Au delà du volume, j'ai du 'vécu' de la dernière année pour me sentir en confiance, et mieux connaître mes limites:
- les 100 milles de Virgil Crest complétés en 26h46 en septembre 2013, l'épreuve la plus difficile à mon actif à ce jour: quatrième sur 19 finissants, et sur 66 partants!
- deux ultras sur route 'pour le plaisir' : en novembre le Trans Montréal (60km) et en décembre le Frozen Ass du Mont Royal (60km aussi);
- entrainement marathon 'sérieux' de début janvier à début mai avec mon entraineur Dorys et le groupe d'entrainement, focalisé sur l'amélioration de mes performances et de ma VMA, en combinant volume, structure et intervalles;
- marathon de Toronto le 4 mai réussi en 2:58:55, un premier 'sub-3' et probablement ma meilleure réalisation athlétique en carrière;
- trois semaines plus tard (24 mai), la course XTrail de Sutton de 20km (1500m D+) solidement en 2h30, encore signe de ma meilleure forme comparativement aux deux années précédentes;
- 1er juin: 50 milles de Cayuga en 9h46, autre défi costaud dans l'état de NY;
- 14 juin: 44km trail -- la nouvelle course Estrie25, avec des sentiers complexes et très boueux;
- 27 juin: Ultimate XC à St-Donat de nuit, 45km sentiers + 10km route et... mon premier DNF (abandon) alors que l'objectif était un aller-retour totalisant 120km de sentiers difficiles. Un abandon oui, mais avec évitement calculé de bobos aux pieds, et une expérience formatrice pour mieux comprendre le fonctionnement de mon cerveau en course, et anticiper certains facteurs qui peuvent me démotiver.

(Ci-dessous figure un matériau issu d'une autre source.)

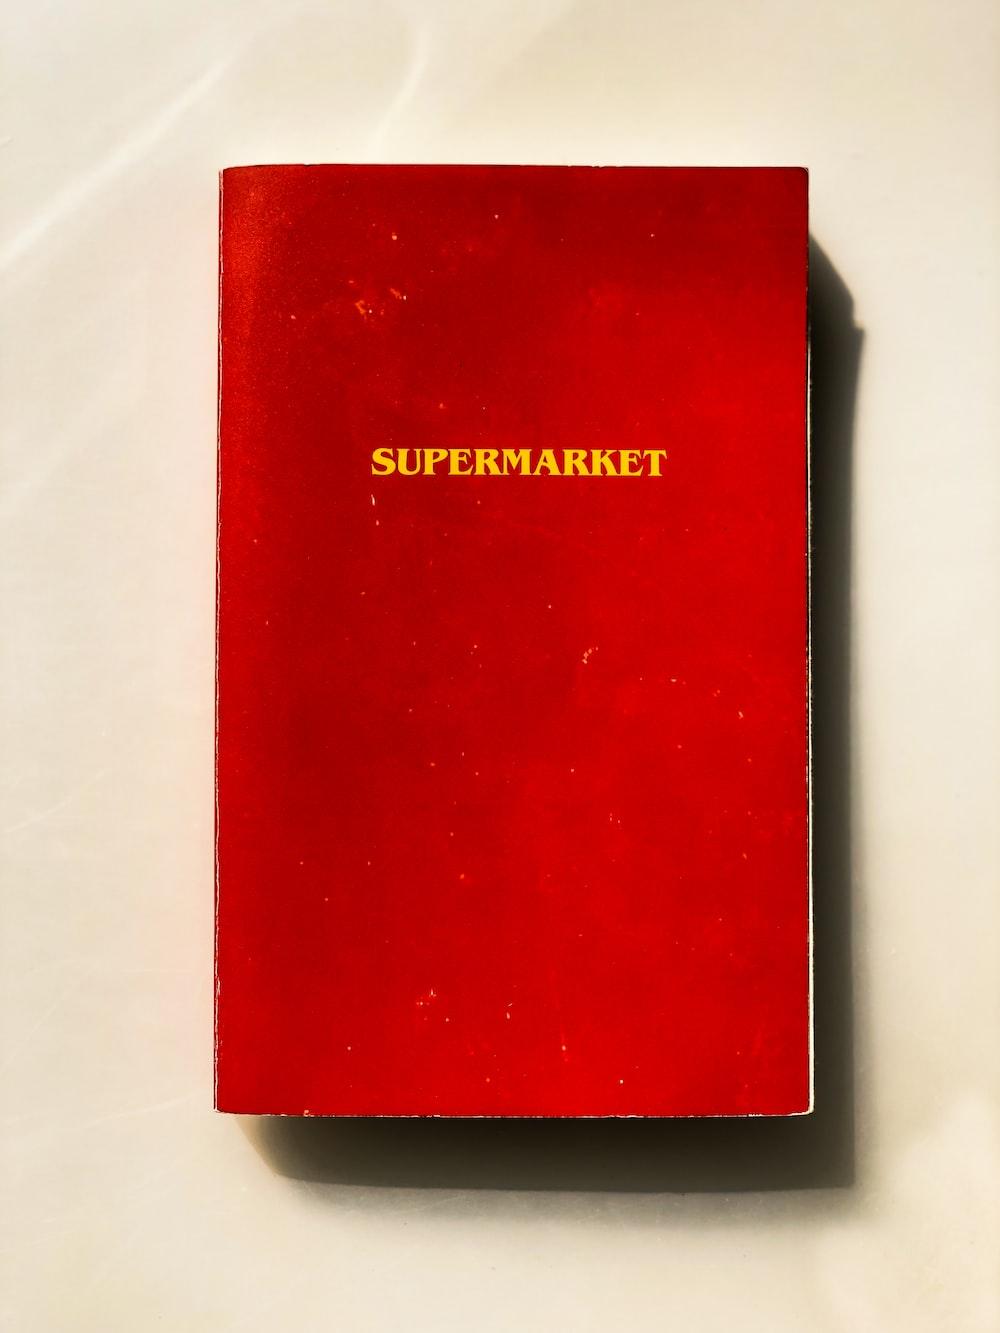 Supermatket book

Retour au Vermont donc, je m'y suis rendu cette année sans équipe de soutien ni accompagnateur de course (ou pacer dans notre jargon). D'une part, mon épouse et mes parents m'ont déjà beaucoup aidé dans les deux années passées, je les en remercie encore; d'autre part je me sentais maintenant d'attaque pour affronter ce monstre en mode solo, pour ajouter au défi. L'organisation du VT100 a d'ailleurs innové et créé une reconnaissance spéciale 'solo' cette année pour les coureurs qui s'inscrivaient sans équipe ni pacer, ce qui est une excellente idée à mon avis.
Cette année je suis arrivé avec trois objectifs:
1- Finir la course, et avec le sourire;
2- Éviter les grosses blessures;
3- Passer sous la barre des vingt heures (environ 1h30 d'amélioration sur mes temps de 2012 et 2013). Comme la course commence à 4h du matin, cela veut dire finir avant minuit... donc techniquement, à l'intérieur de la même journée!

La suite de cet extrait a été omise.